» **Exercise**
Give the data below again exactly as written, without its pictures.

» **Material provided**
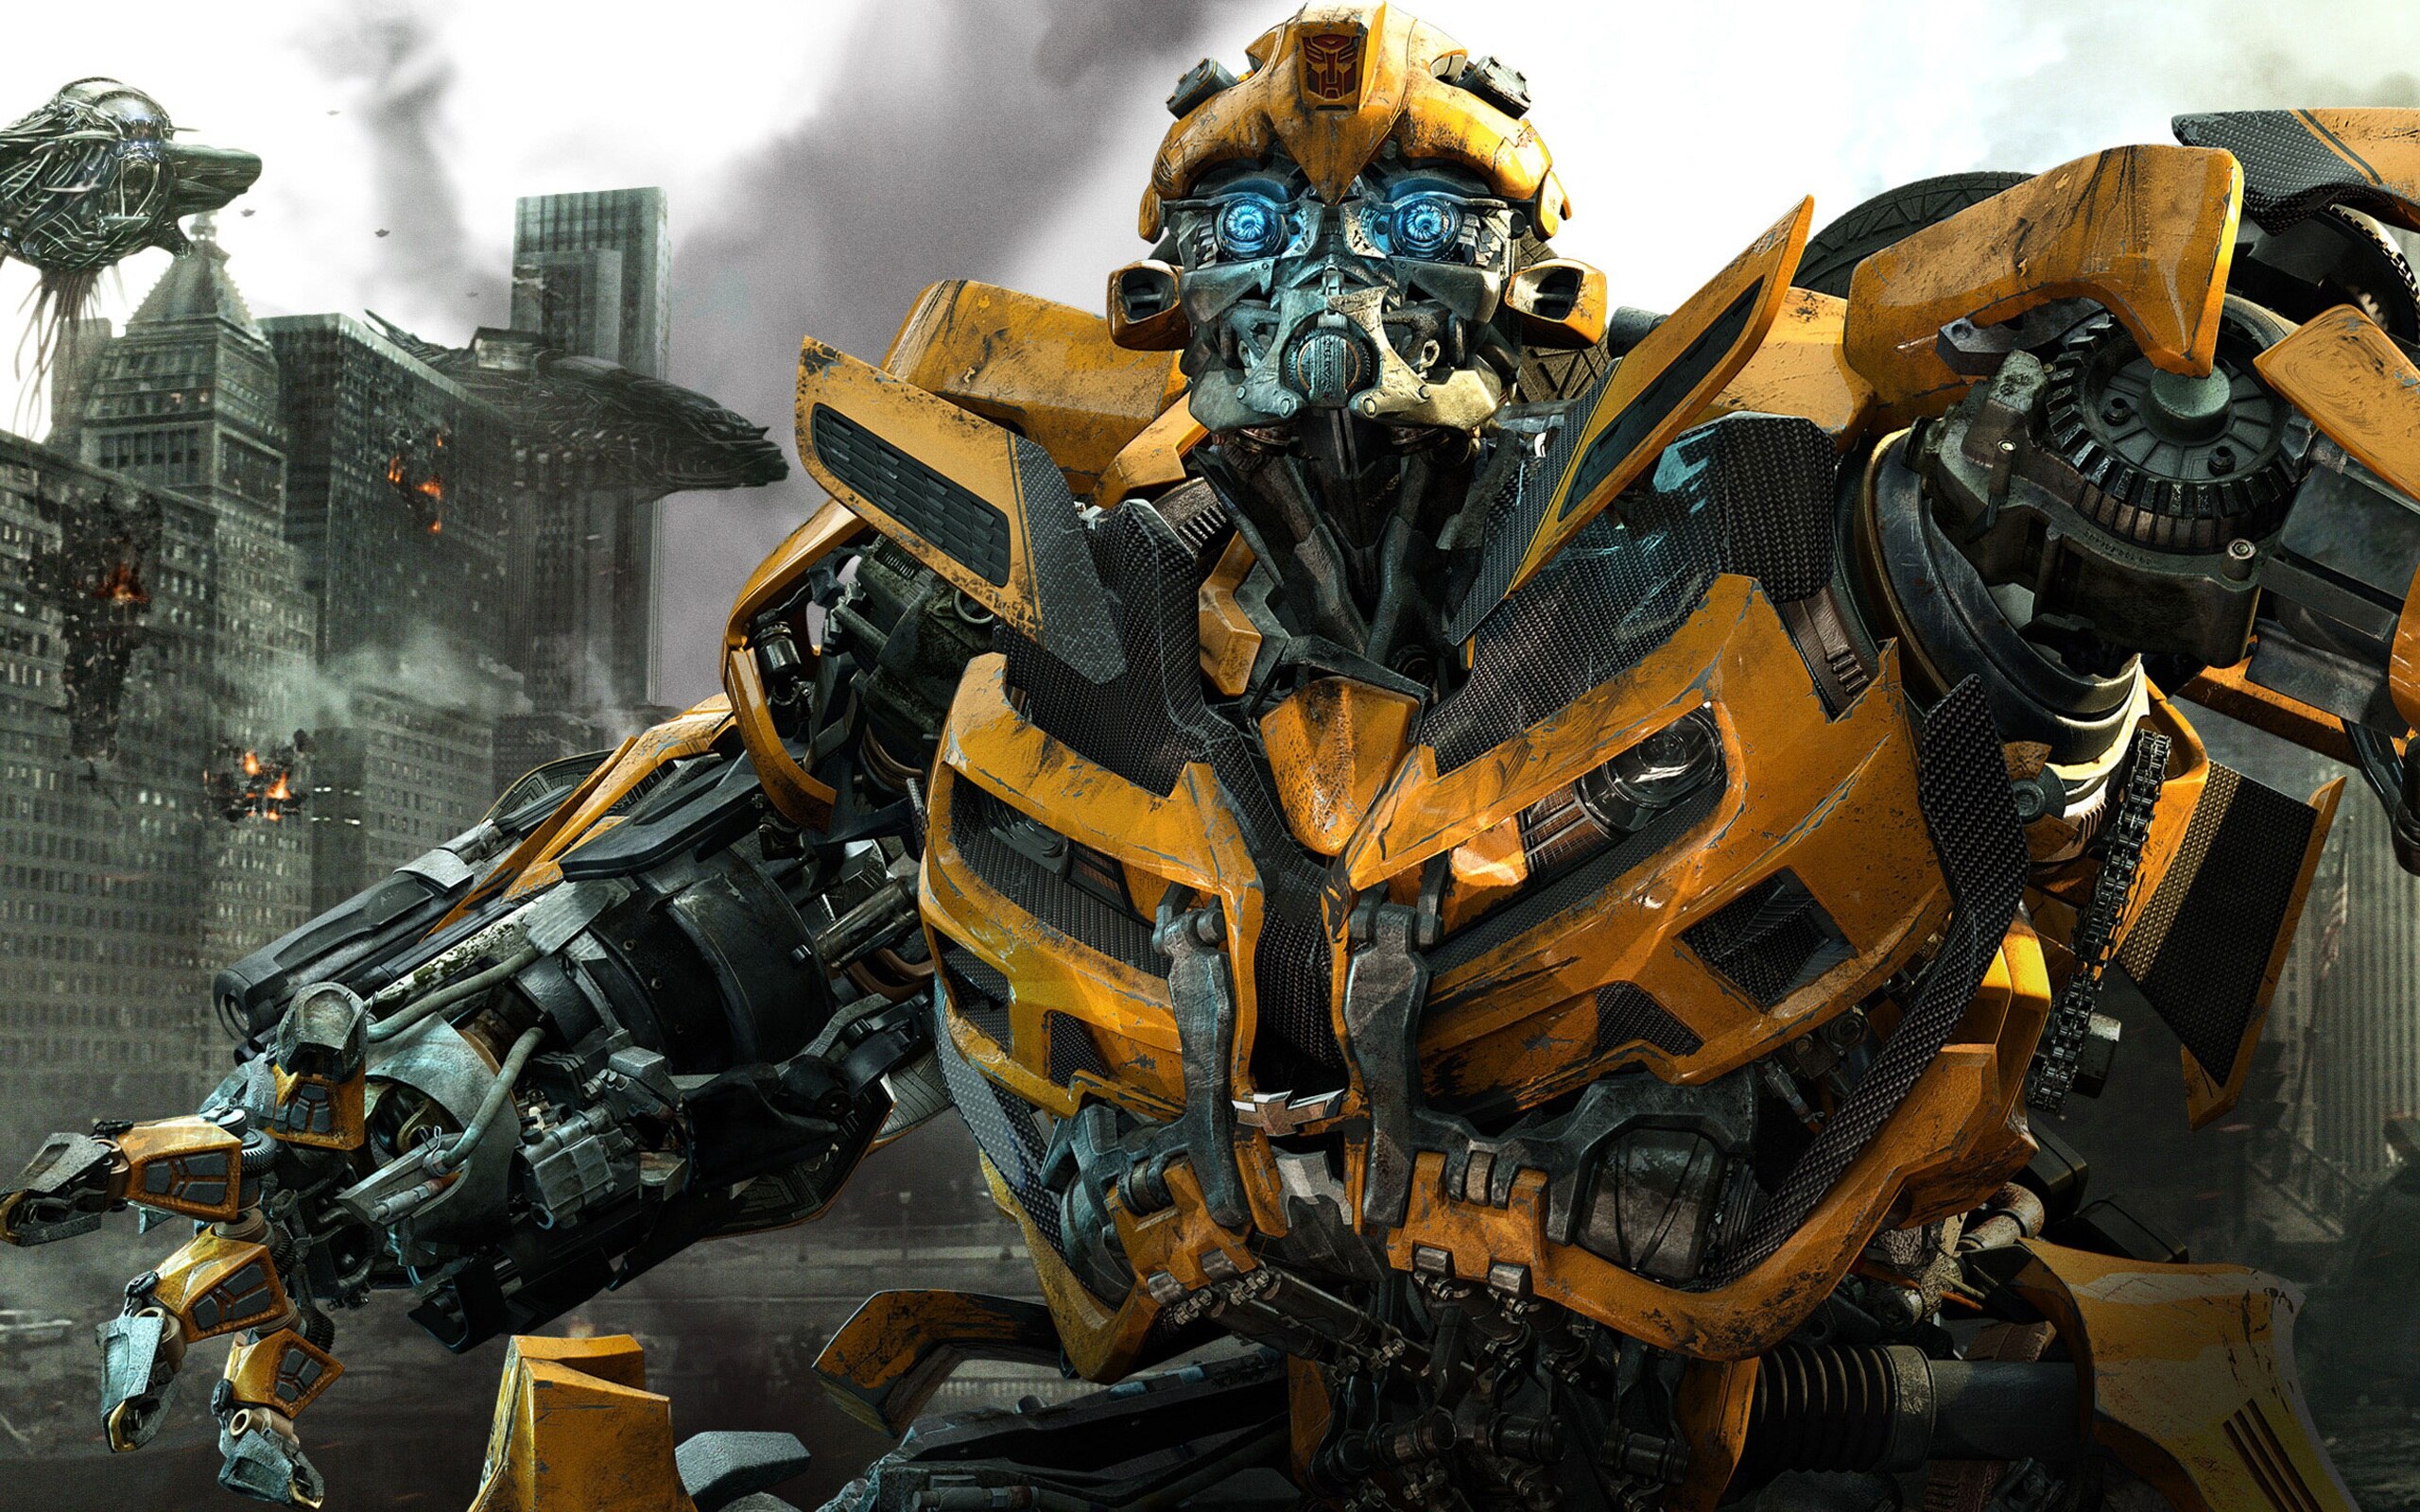 Animated Transformers Prequel Set On Cybertron Reportedly In Images, Photos, Reviews
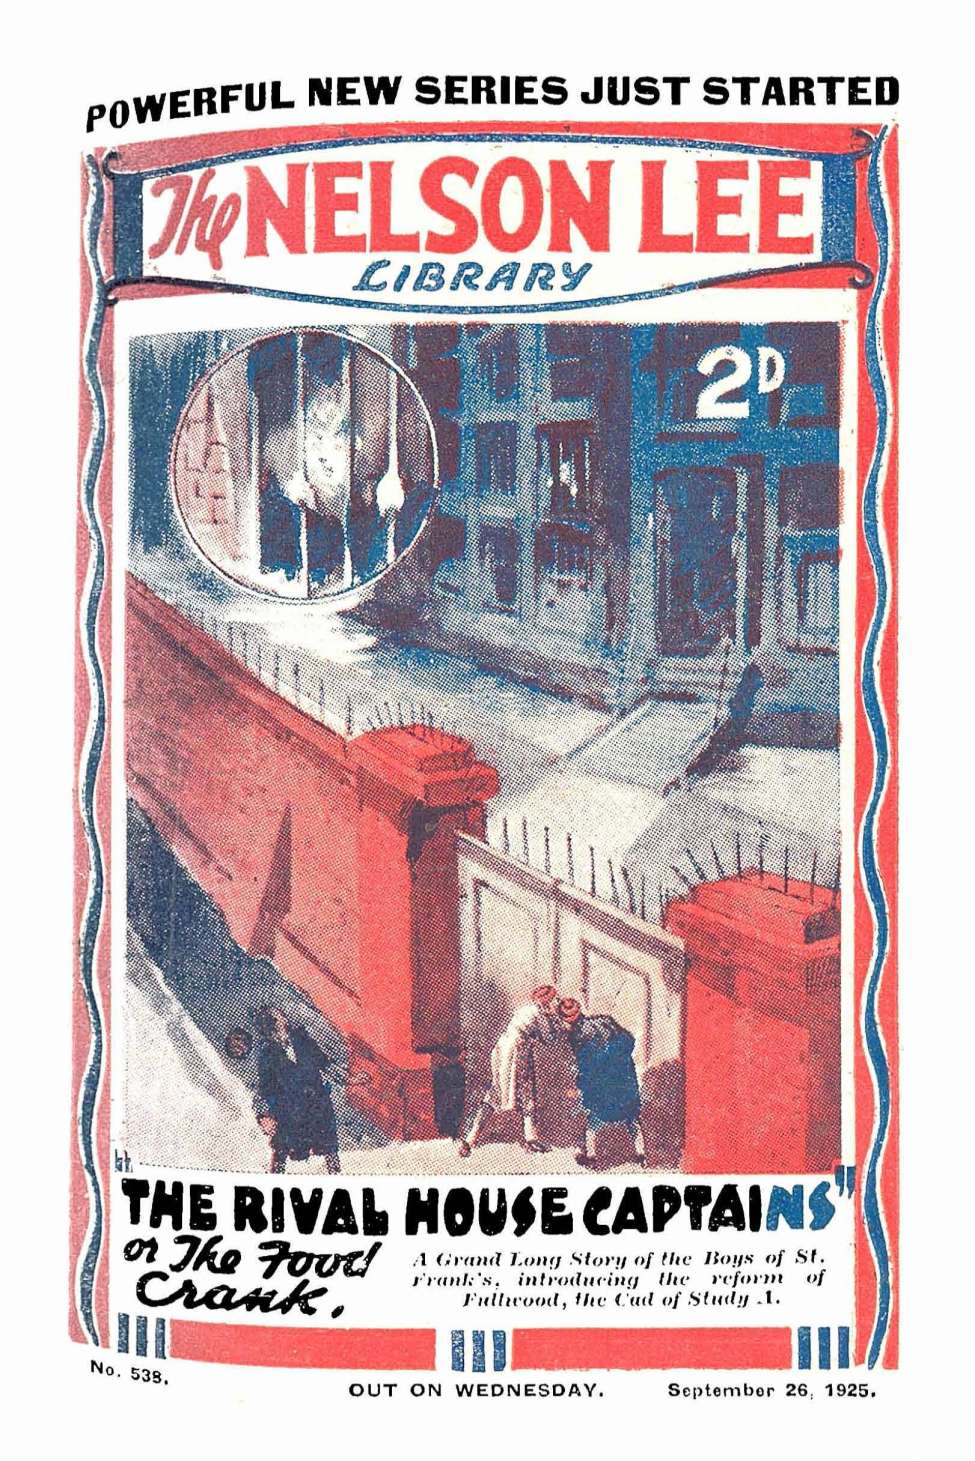 Book Cover For Nelson Lee Library s1 538 - The Rival House Captains
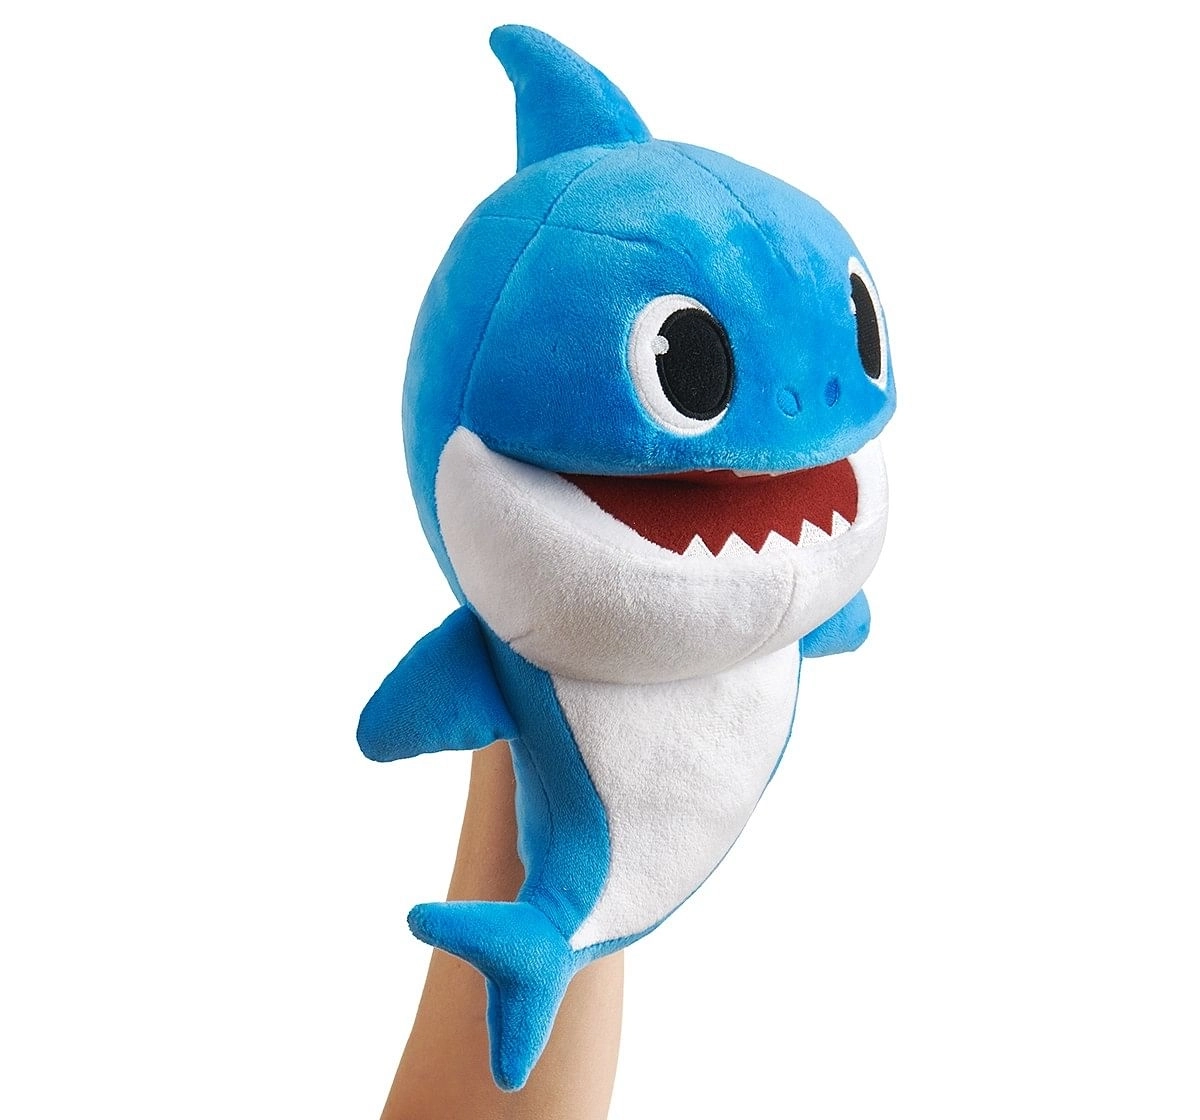 Pinkfong Shark Family Plush Puppet - Daddy Shark for Kids age 3Y+
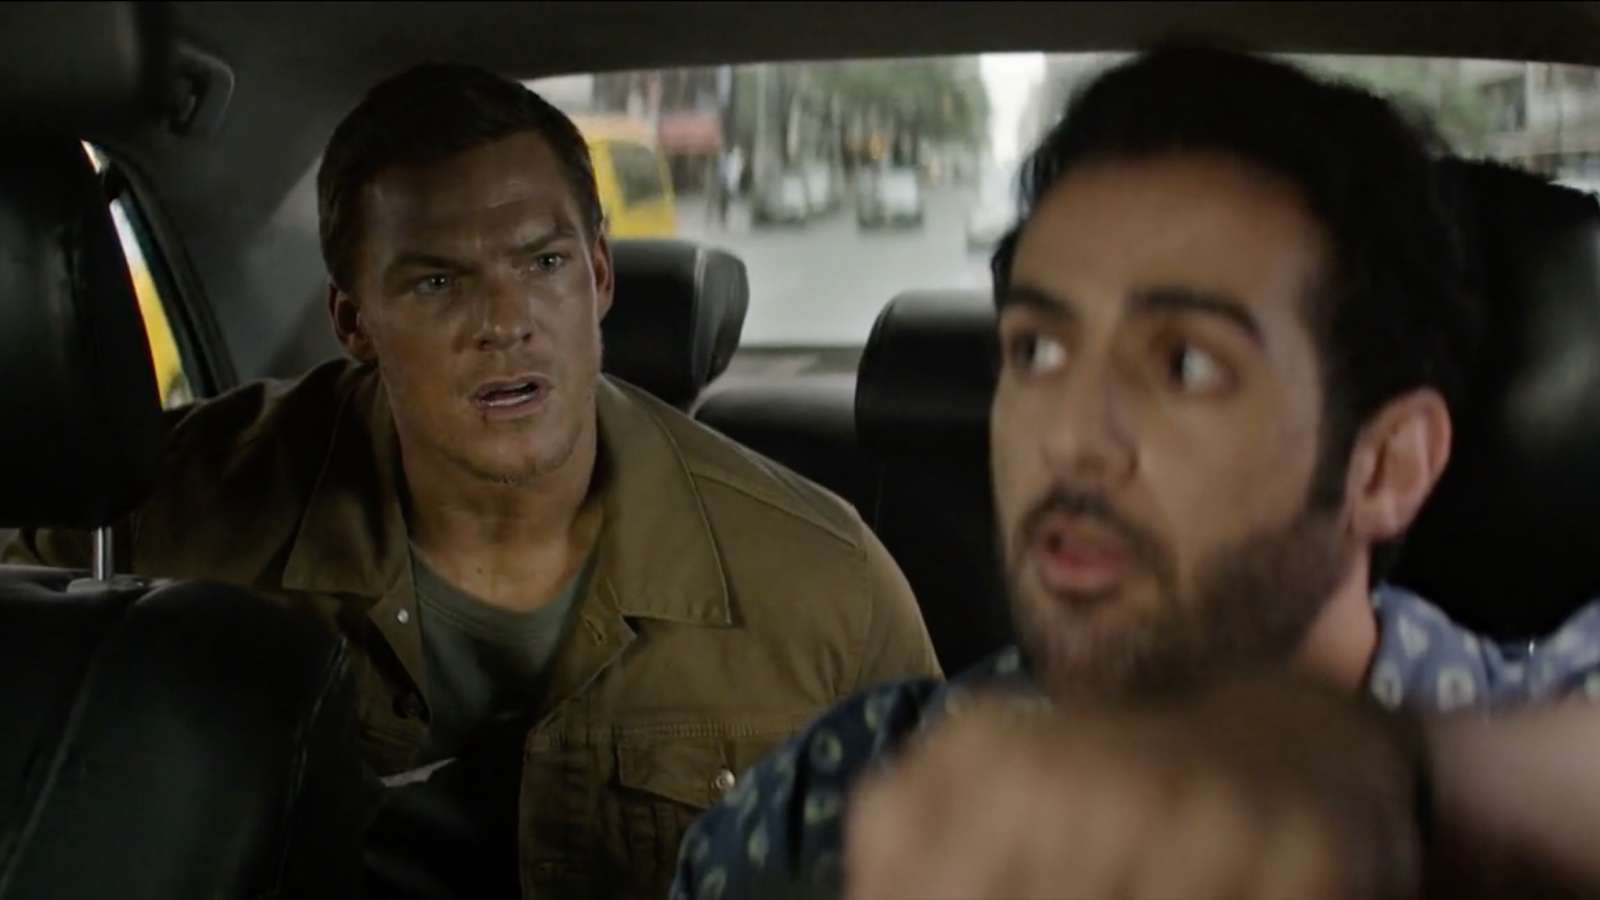 Alan Ritchson in Reacher Season 1 speaking to taxi driver.

» **Task answer**
 Animated Transformers Prequel Set On Cybertron Reportedly In Images, Photos, Reviews
 Book Cover For Nelson Lee Library s1 538 - The Rival House Captains
 Pinkfong Shark Family Plush Puppet - Daddy Shark for Kids age 3Y+
 Alan Ritchson in Reacher Season 1 speaking to taxi driver.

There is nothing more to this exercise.